Scouting Tips & Tactics

Turkey hunting is all about dedication and preparation.  You need to be able to understand the day to day lives of the gobblers that reside within the area that you will be hunting.  Determining where the turkeys on your property roost and feed as well as locating strutting zones are all important pieces of information that you need to have.  In addition, having an understanding of the overall number of turkeys in your area is also an important piece of information to have at your disposal.

While hitting the woods at dawn to listen for a gobbling long beard is an effective turkey scouting technique, it comes with its limitations.  Turkey’s move, and depending upon where you are, can move a great distance over the course of the day.  Just because a turkey roosts on your farm does not mean that he will be there later in the morning.  It is important to do your best to use all the tools at your disposal to help you when it comes to scouting for turkeys.

Believe it or not, a game feeder and a few trail cameras can really help you when it comes to scouting turkeys and getting set for your turkey hunting adventure.  If you use these tools to your advantage, you can begin to develop an idea of not only how many turkeys you have on your property, but what areas they are using and when.

Feeders | Game Feeder use for Turkeys

Wild turkeys love cracked corn.  It is a source of carbohydrates and is easy for wild turkeys to forage on.  Better yet for the hunter, cracked corn is relatively cheap and for the purposes of scouting for turkeys, a little corn can go a long way.  Before using a game feeder and cracked corn as a means for scouting for turkeys, be sure to check the local regulations in the state that you are in to ensure that you are legal; however, if the use of cracked corn is authorized in your state then you are well on your way to gathering some serious intel.

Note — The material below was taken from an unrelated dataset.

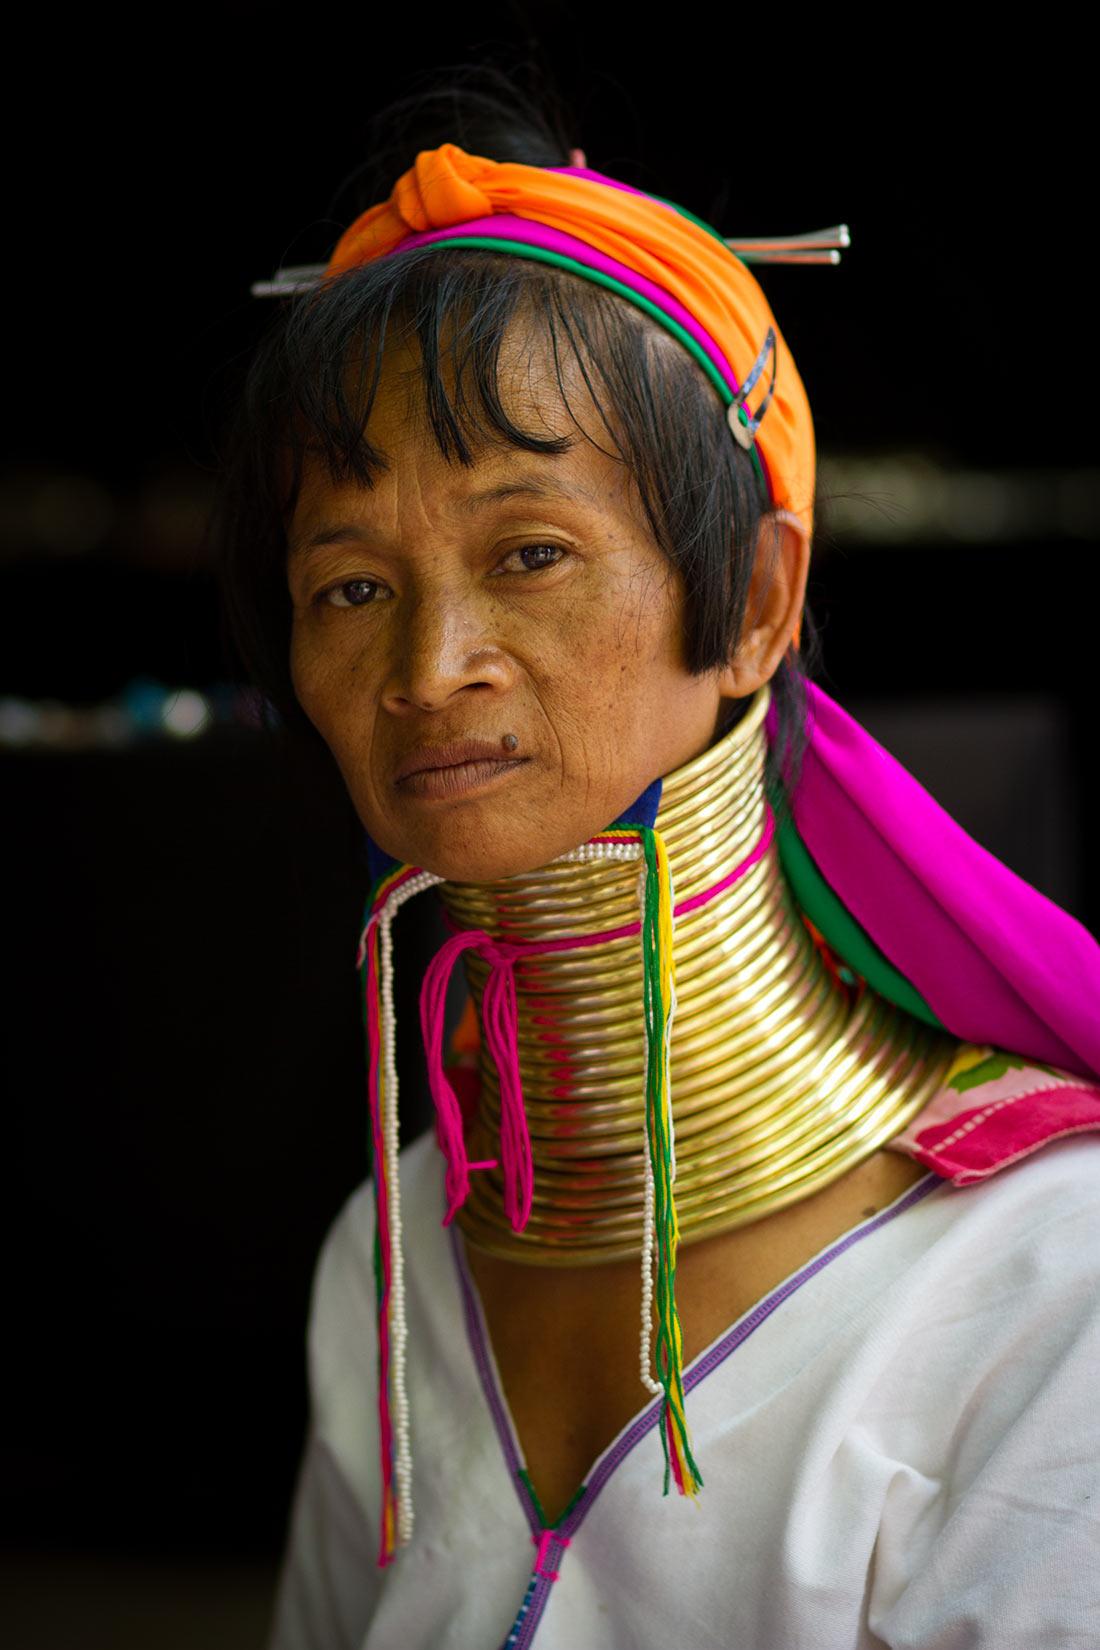 шейные кольца женщин падаунг

game feeder for the purposes of scouting turkeys is really an easy process.  The first step is to identify an area that you either know turkeys will be passing through or utilizing at some point during the day.  Try to focus in on areas that you feel turkeys may be utilizing later in the spring, during the turkey hunting season.  This will help you to rule out any unintended perception bias from the trail camera photos.  Once you have your location selected, you can set up your game feeder and get to work.  It doesn’t take much corn lying on the ground to get the attention of wild turkeys.  In fact, for the purposes of gathering trail camera photos, less is more as it will deter other wildlife such as white-tailed deer from staking a claim.  Check the game feeder periodically, however, use caution and do your best to avoid bumping any turkeys off the area.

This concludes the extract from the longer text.